Paul Marsden on why empathy is everything in market research today
In Blade Runner, the dystopian film starring a young Harrison Ford, an empathy test determines if an individual is a robot or a human. The idea inspired the PhD of Dr. Paul Marsden, now a chartered psychologist, well-known writer and cofounder of Brainjuicer – who first put System 1 thinking on the map. Empathy continues to be the driving force in his work today, and he believes it is vital to the future of market research.
“Empathy is the market researcher’s super-power. It’s the uniquely human ability to experience things from somebody else’s perspective. When we step into our consumers’ shoes, we see and feel things that are invisible to traditional research. It’s like having x-ray eyes”.
Paul believes researchers should spend more time stepping into the shoes of consumers, not just metaphorically, but literally. “I’m a fan of empathy-based research, which is all about getting a first-person perspective on what it’s like to be the consumer. Empathy-based research can be remarkably insightful, and it’s already widely used in therapy, design and investigative journalism. Why don’t we use it more in consumer research?”
However, Paul believes that the sands are shifting. “Brands are realising that consumer closeness is important, and that it’s difficult to empathise with consumers when their ‘lived experience’ is reduced to a quantitative cell on a spreadsheet.”

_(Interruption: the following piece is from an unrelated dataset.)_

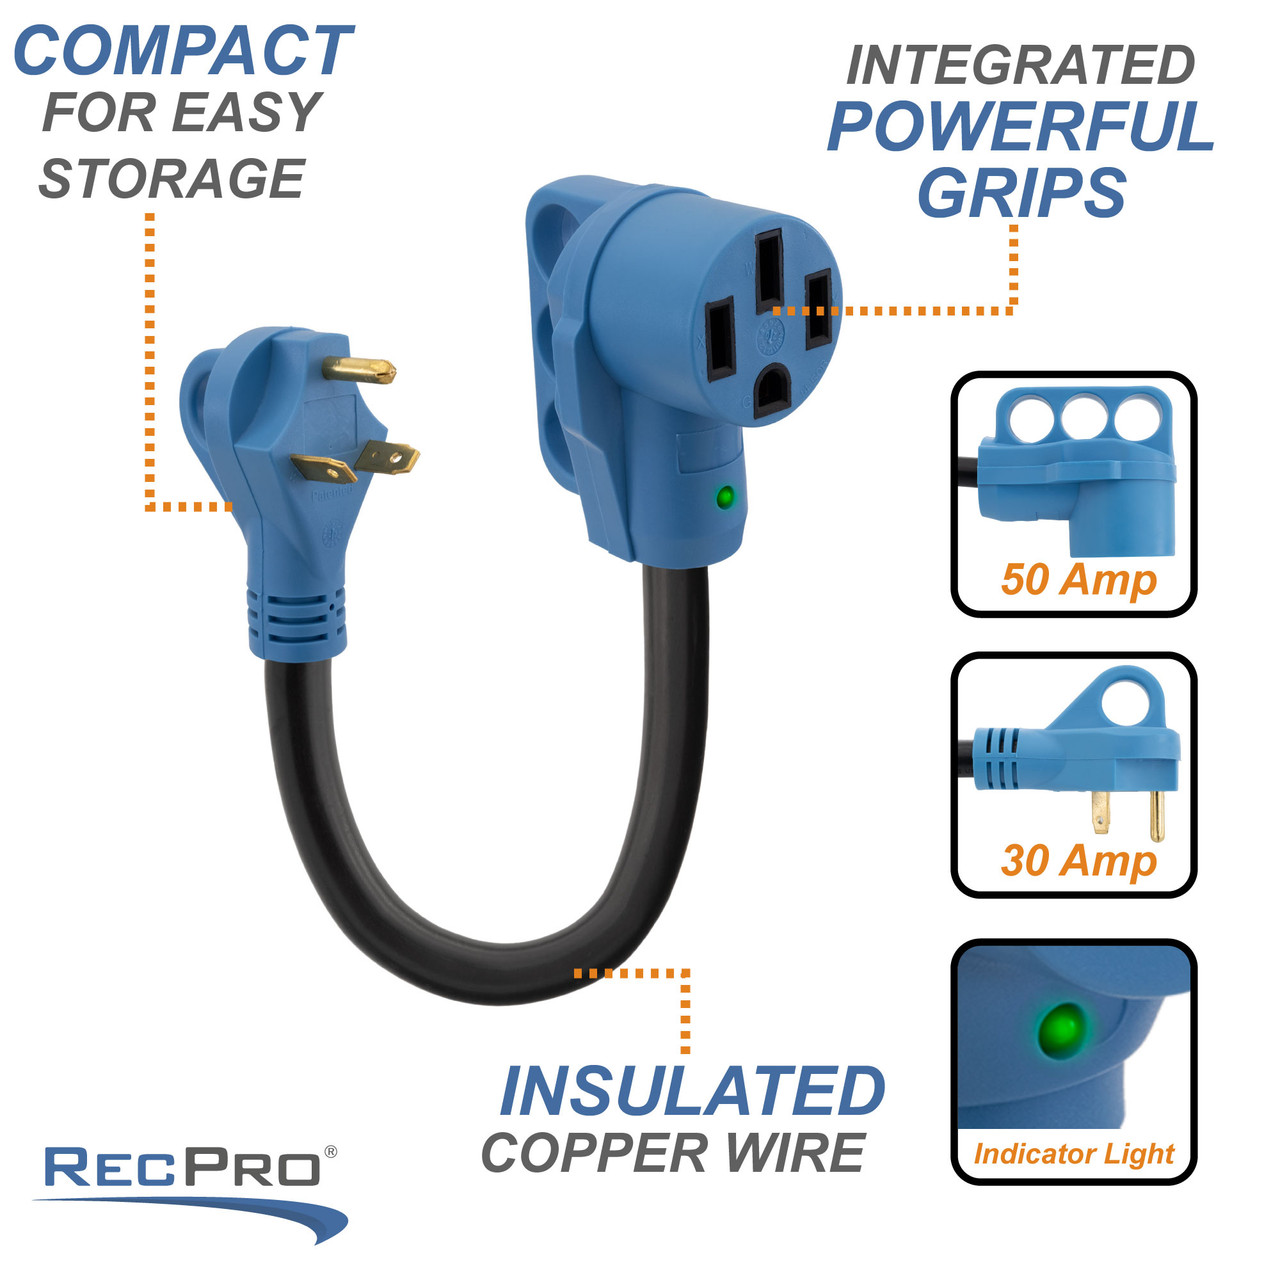 50 Amp RV Plug to 30 Amp Adapter - RecPro

He’s seen an empathy-based approach work already. “My colleagues were working for a pharmaceutical company and found an empathy gap between doctors and their patients. So they created a VR empathy experience for doctors to enable them to feel first-hand what it’s like to be a patient being diagnosed by a doctor. This insight had a remarkable effect on rebuilding physician empathy for their patients. This ‘EmpathyTech’ is the kind of thing that we need in market research – simple ways to help brands experience the world from the consumer perspective.”
Another EmpathyTech inspiration for Paul is The Empathy Museum. “It’s this pop-up museum that roves around the world in the form of a massive shoebox. It’s absolutely brilliant. Inside, it’s full of old shoes, and you can borrow a pair and listen to a ‘day-in-the-life’ podcast spoken by the shoes’ previous owner. You literally get to walk in the shoes of an athlete, doctor, nurse, migrant or celebrity, and experience life from their perspective. This is the kind of imaginative research we should be doing; it’s all about bringing to life people’s lived experience.”